Autor/es reacciones

Andreu Ollé Cañellas

Researcher at the Catalan Institute of Human Paleoecology and Social Evolution (IPHES-CERCA), associate professor at Rovira i Virgili University, and co-director of the Atapuerca project

The study presents various lines of evidence regarding the presence of fire at the site, along with multidisciplinary and complementary analyses.

Firstly, the study fits in well with information we already had for Western Europe. There are other sites with similar chronologies (such as Menez-Dregan or Terra Amata in France, the Aroeira cave in Portugal, or Cansaladeta in Tarragona) where we have evidence of the use of fire around 400,000 years ago. However, this contrasts with the lack of evidence at other well-documented sites of similar chronology, such as Atapuerca.

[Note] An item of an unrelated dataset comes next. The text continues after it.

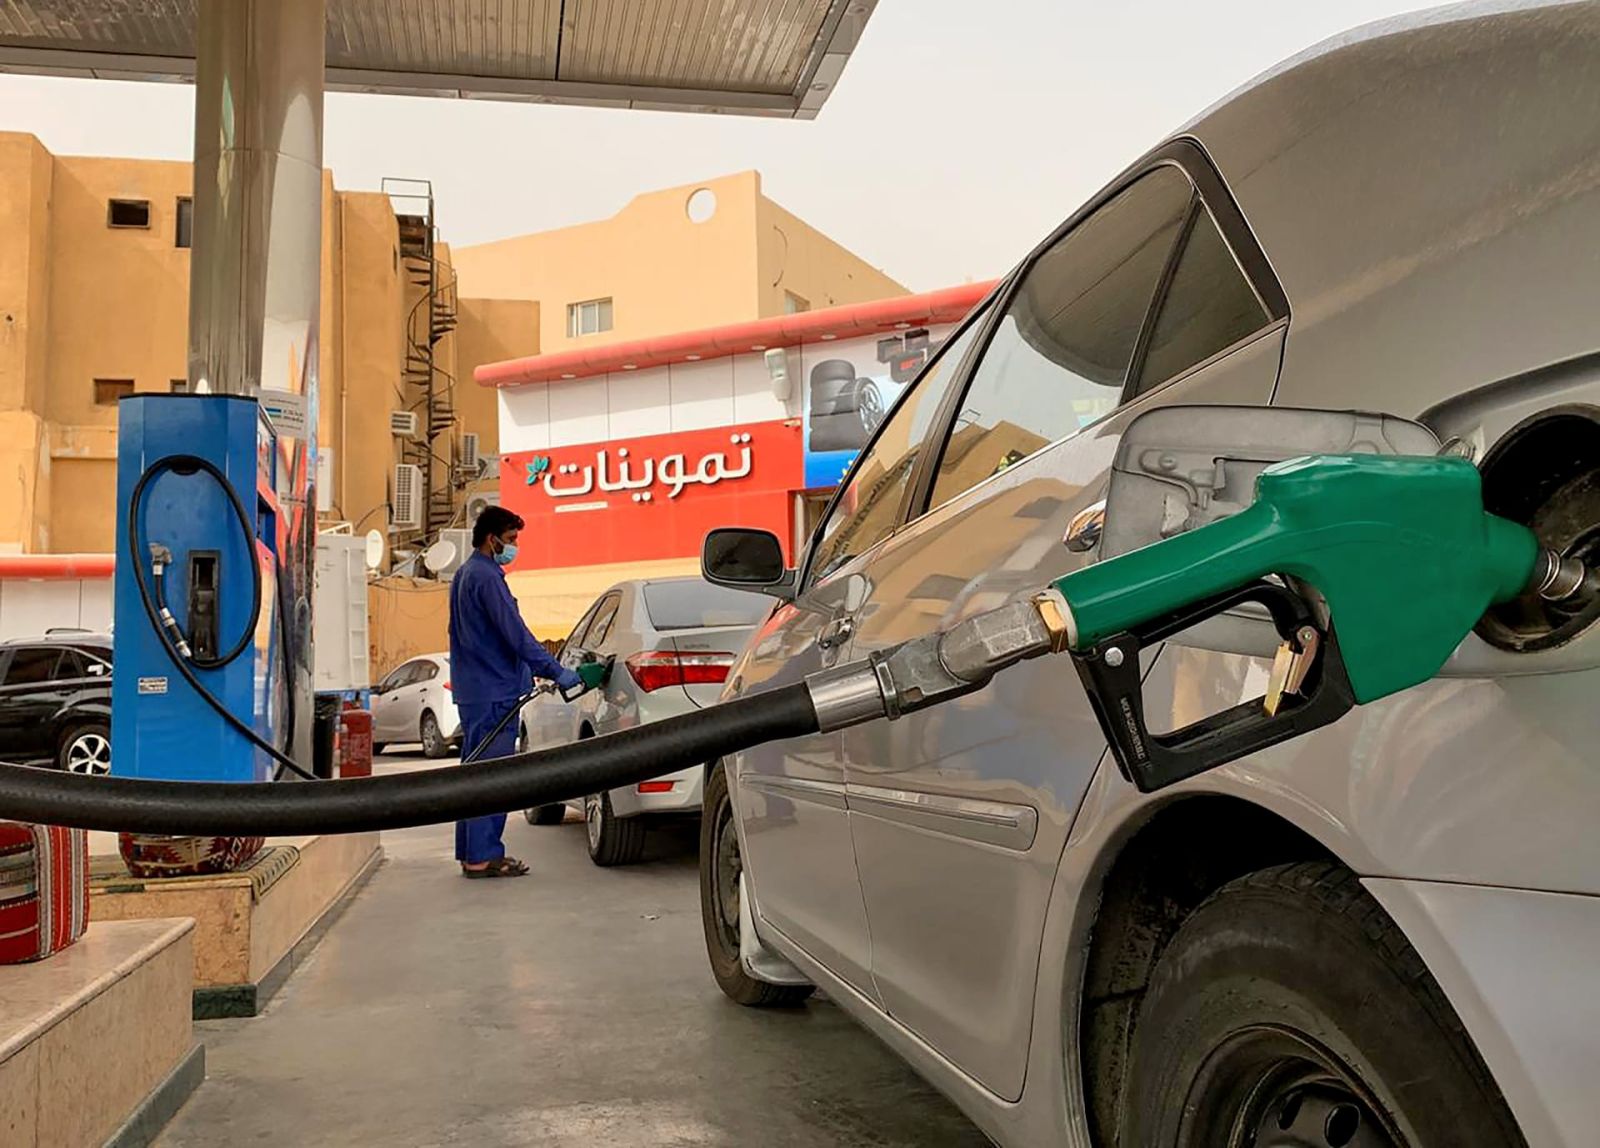 هل تم تخفيض سعر البنزين في السعودية

The main novelty of the article is the proposal that the pyrite fragments found at Barnham are related to the intentional production of fire. This had not been observed at other sites with evidence of fire. Therefore, based on this discovery, the idea that around this date we already had a “structural use of fire” is reinforced.

It is therefore very likely, as the article suggests, that the Barnham discovery shows us the beginning of the socialisation of fire, its controlled and widespread use.

On a personal level, based on what I have learned from experimental archaeology and ethnographic observations, I believe that producing fire by friction with plant materials is easier than that involving interaction with iron oxide, but the evidence presented in the article is solid and should be taken into account.

I do not see any significant limitations to consider. 

This is a relevant study because it provides solid evidence of a crucial aspect of human evolution, namely the control of fire. At the methodological level, for Palaeolithic archaeology, it proposes a solid set of analyses to be reproduced in other contexts where evidence of the presence of fire has been detected.